Task item:
Below are entries. Copy exactly the lines running from the line that holds "18th century piano price" to the line that holds "Süße kleine Hund", with both ends included.

Raw data:
-----
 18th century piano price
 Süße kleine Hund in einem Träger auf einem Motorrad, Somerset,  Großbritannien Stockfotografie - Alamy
-----
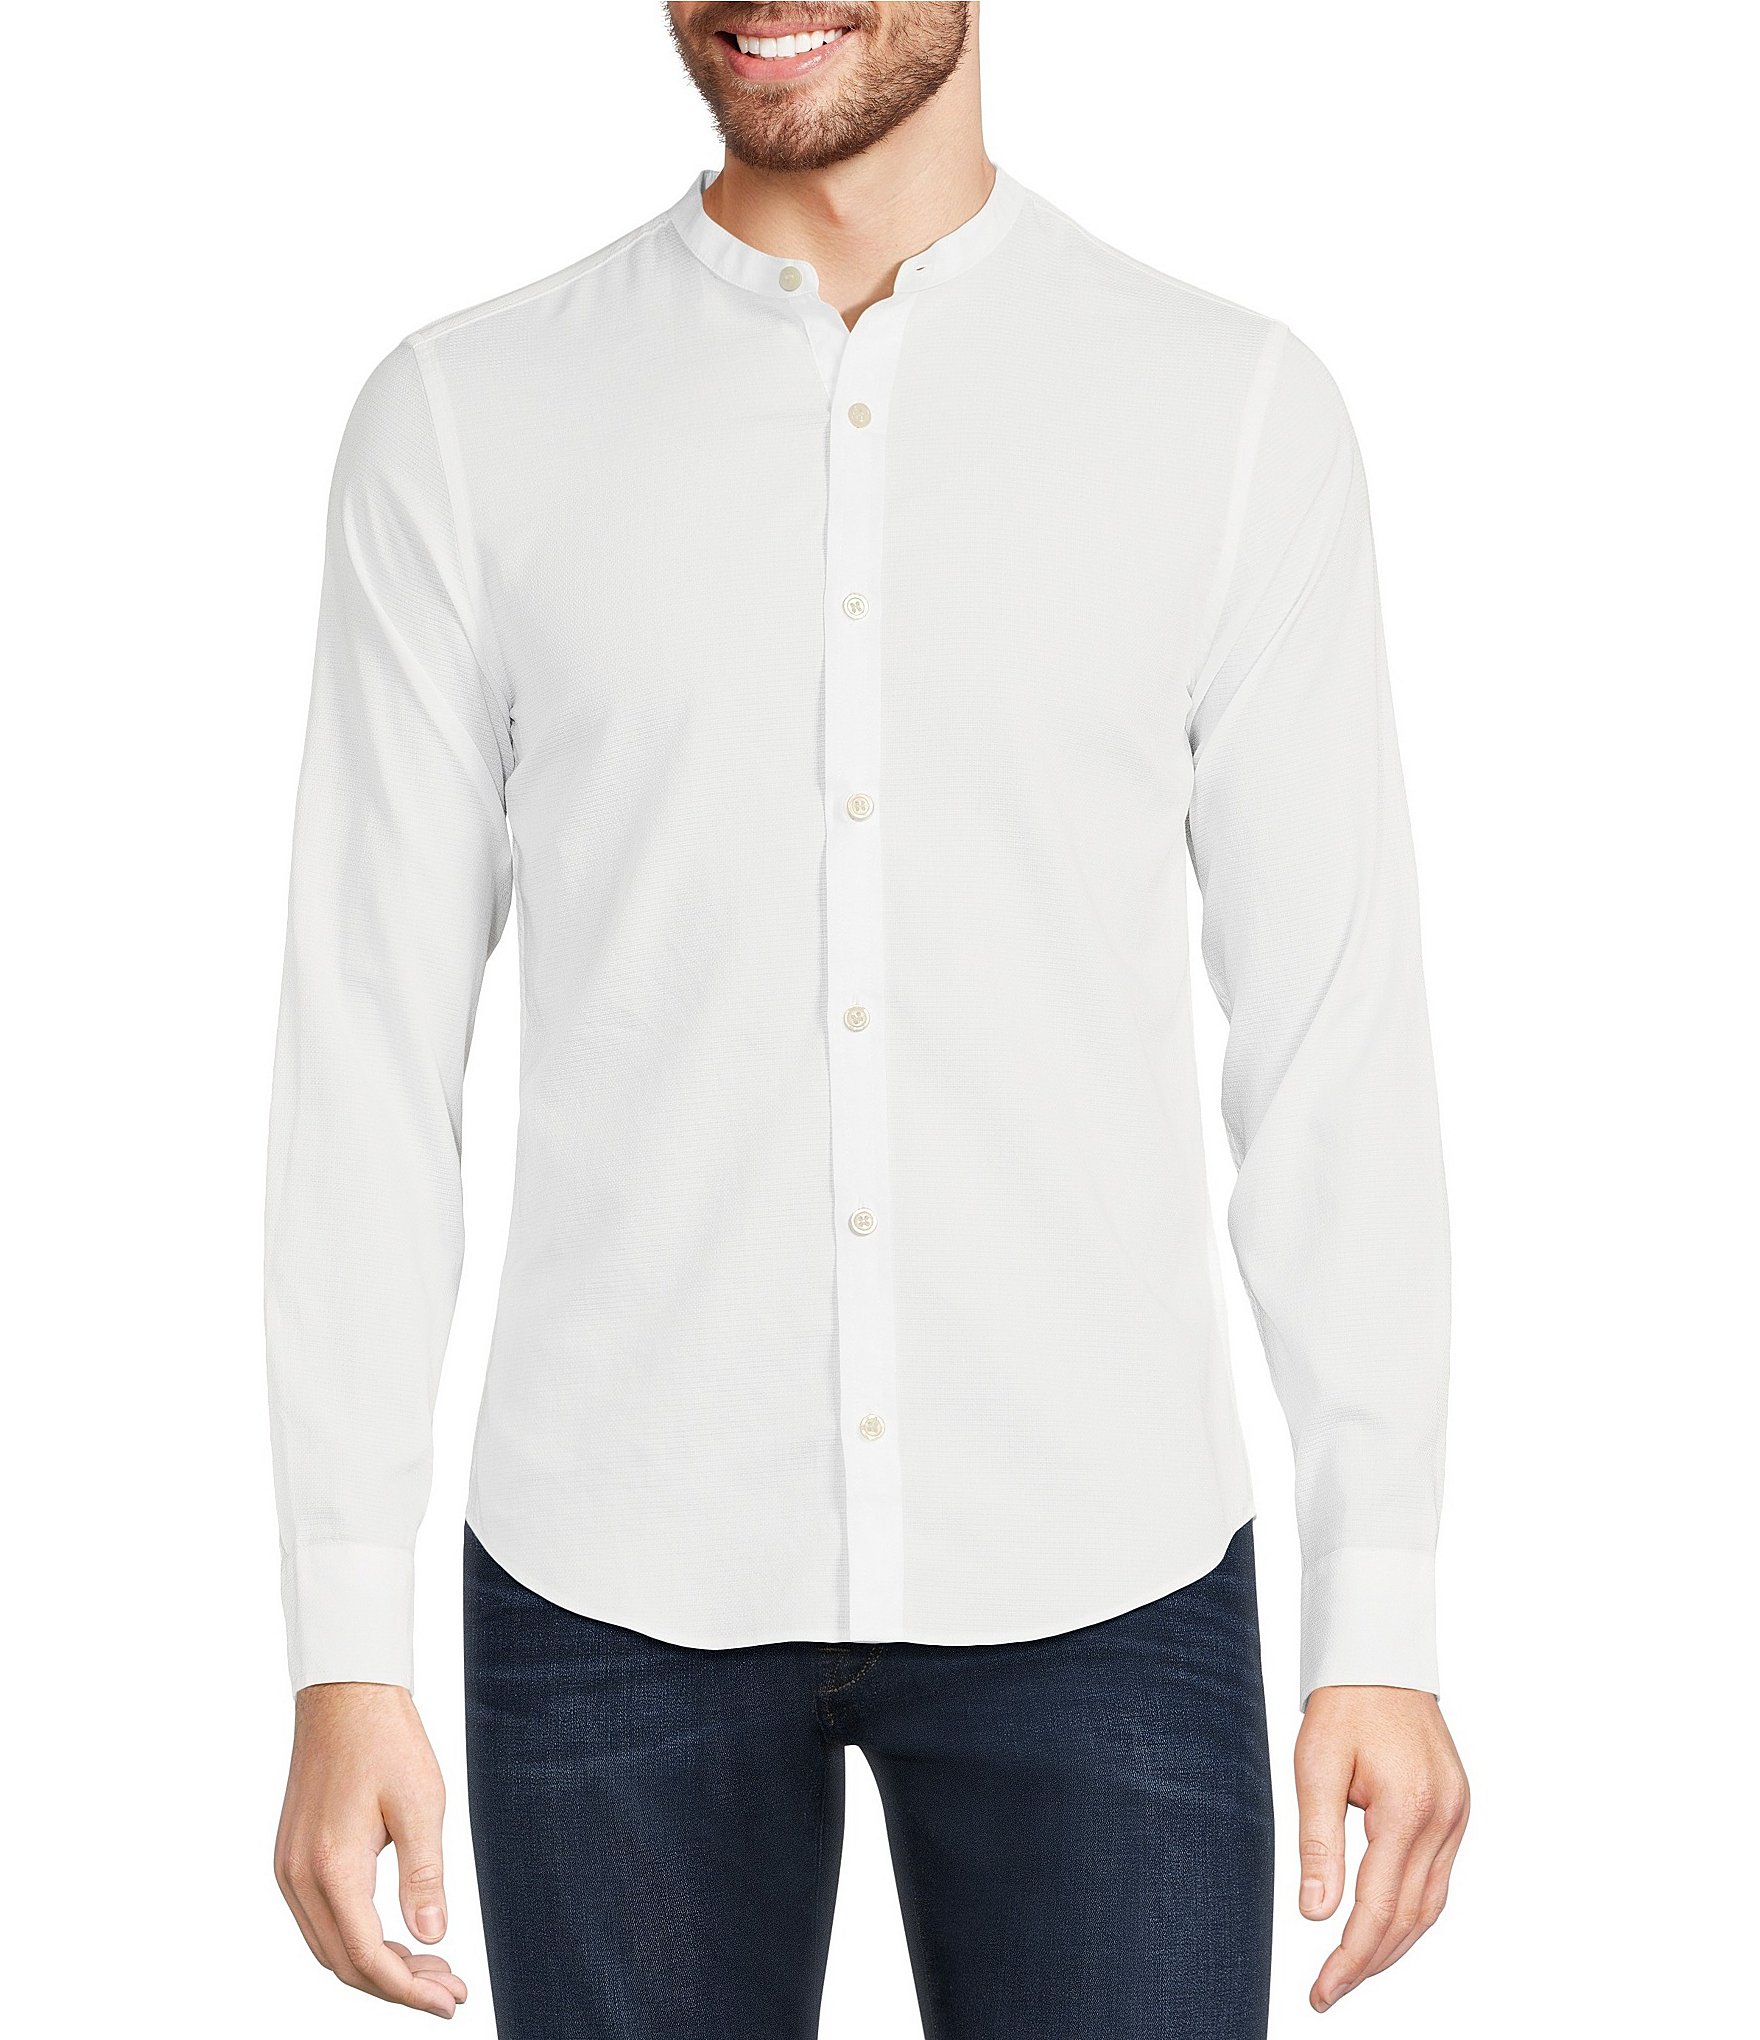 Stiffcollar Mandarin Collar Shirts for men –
-----
Solution to this task:
 18th century piano price
 Süße kleine Hund in einem Träger auf einem Motorrad, Somerset,  Großbritannien Stockfotografie - Alamy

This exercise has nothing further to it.